• [EXERCISE]
Each line of the data is to be output verbatim, with the images removed.

• [INFORMATION SHOWN]
--------------------
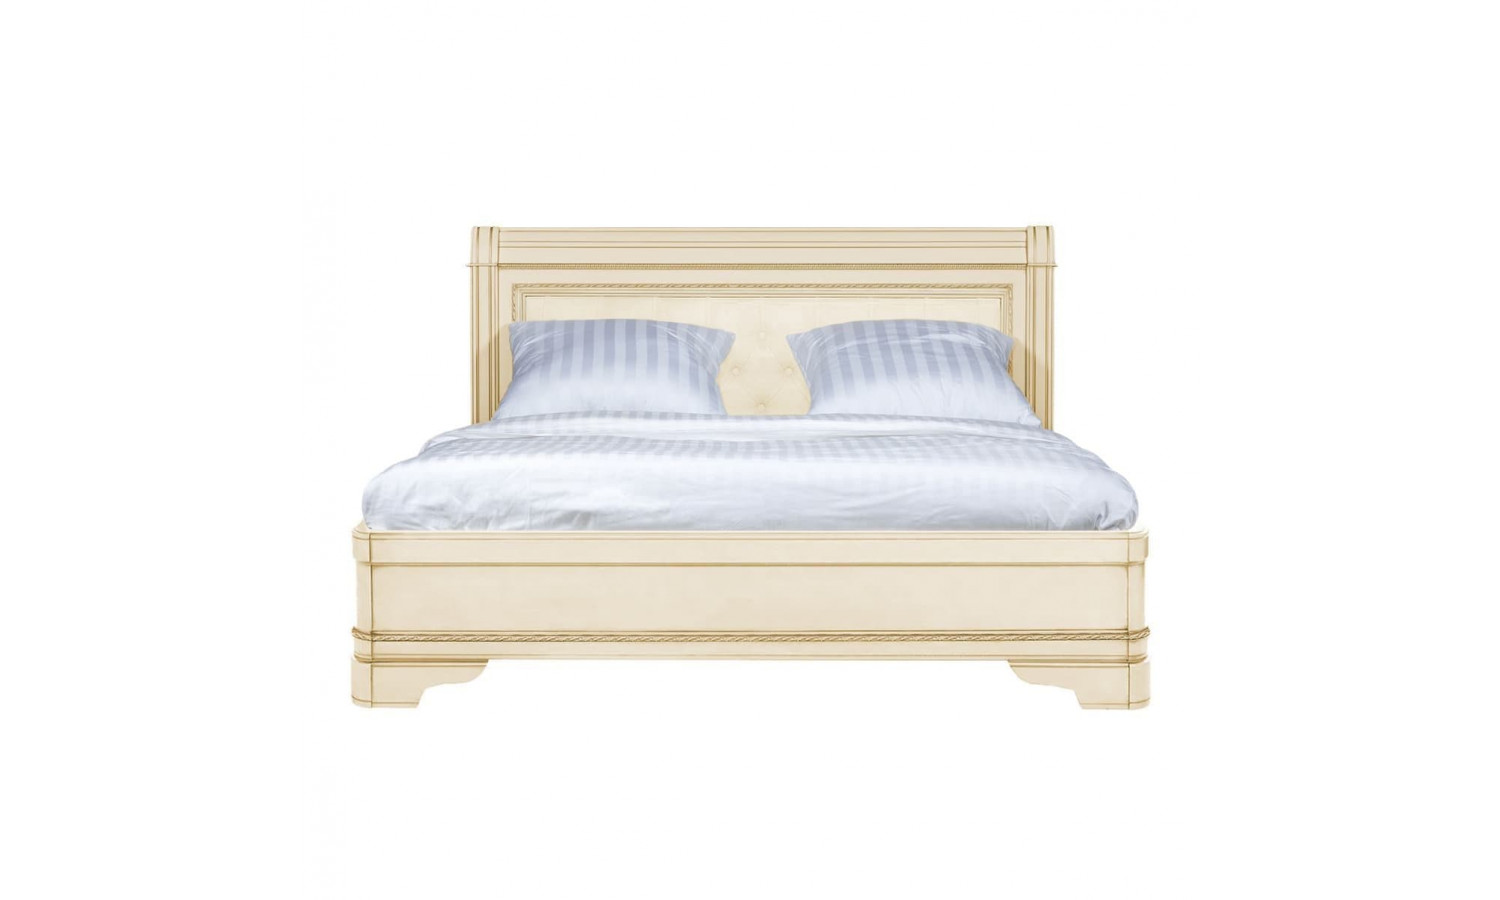 Кровать 160x200 с мягкой спинкой Палермо Ваниль/Патина Золото со структрой дерева
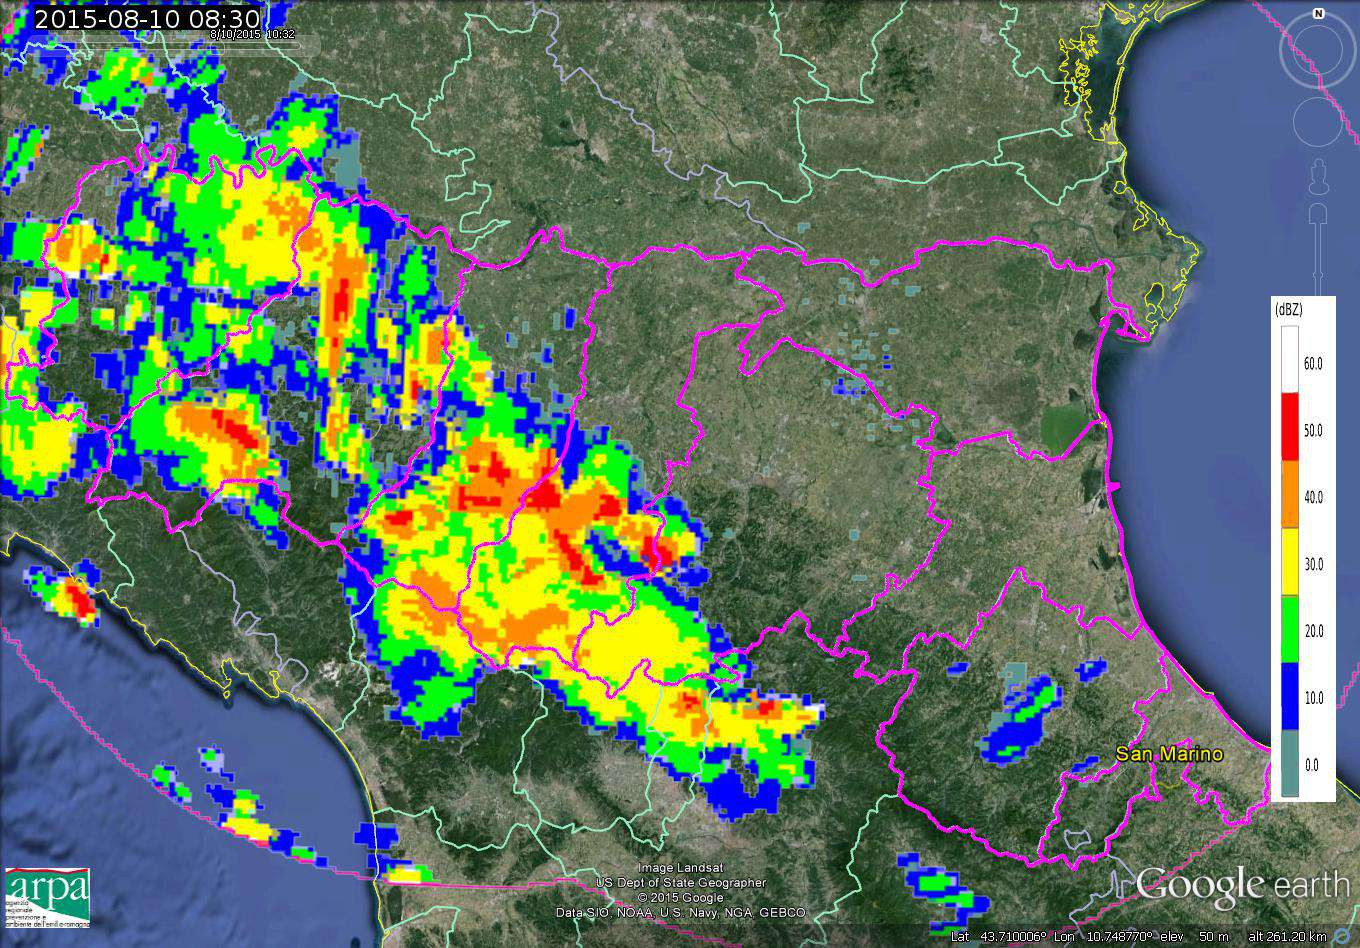 Parma e Reggio-Emilia alle 09:15 UTC.
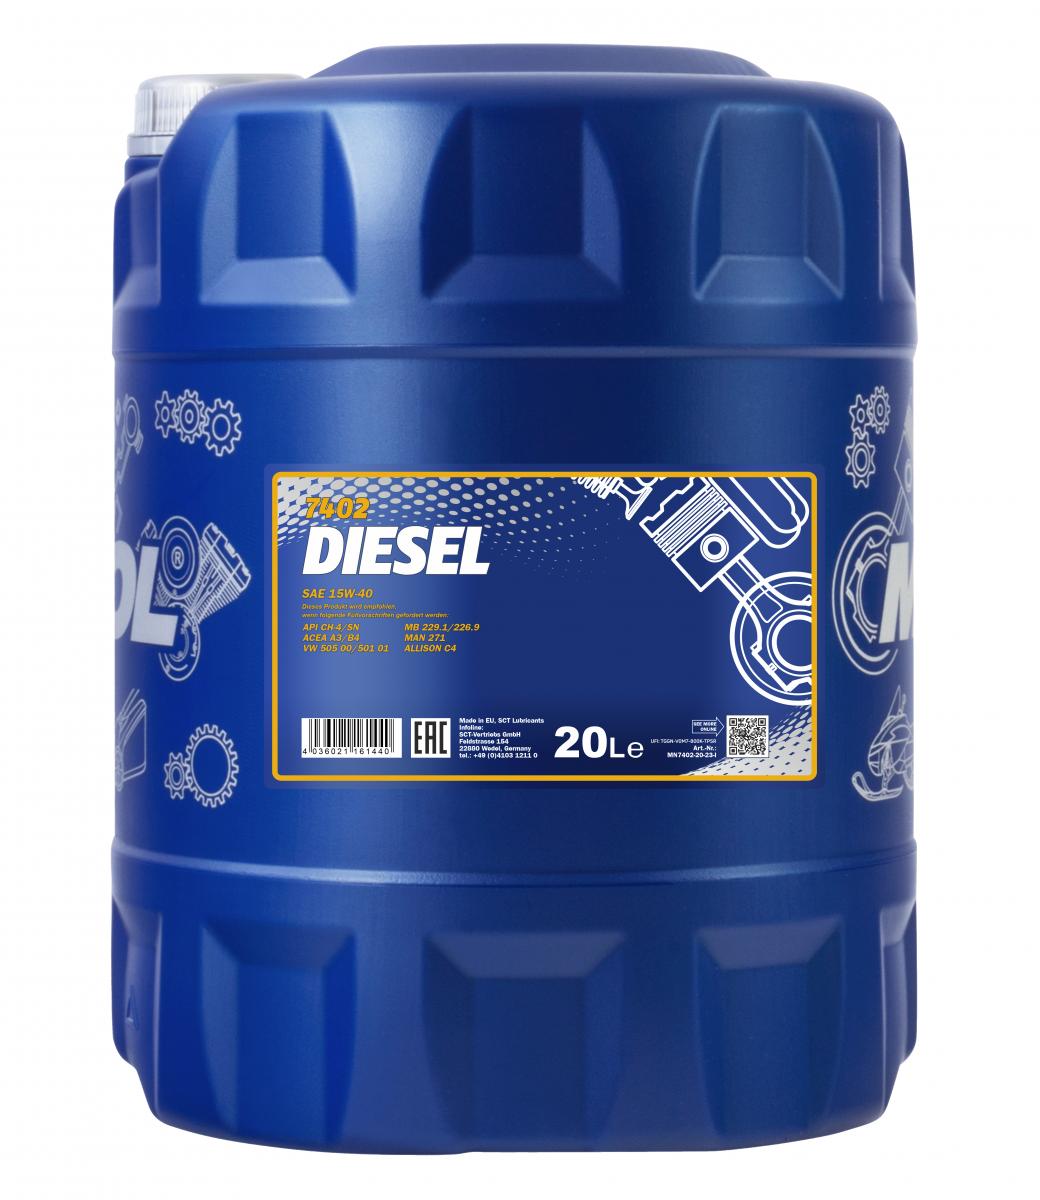 40 Liter (2x20) MANNOL Diesel 15W-40 CH-4 SL 15W40 Motoröl ÖL 4036021161440
--------------------
• [RESPONSE TO THE TASK]
 Кровать 160x200 с мягкой спинкой Палермо Ваниль/Патина Золото со структрой дерева
 Parma e Reggio-Emilia alle 09:15 UTC.
 40 Liter (2x20) MANNOL Diesel 15W-40 CH-4 SL 15W40 Motoröl ÖL 4036021161440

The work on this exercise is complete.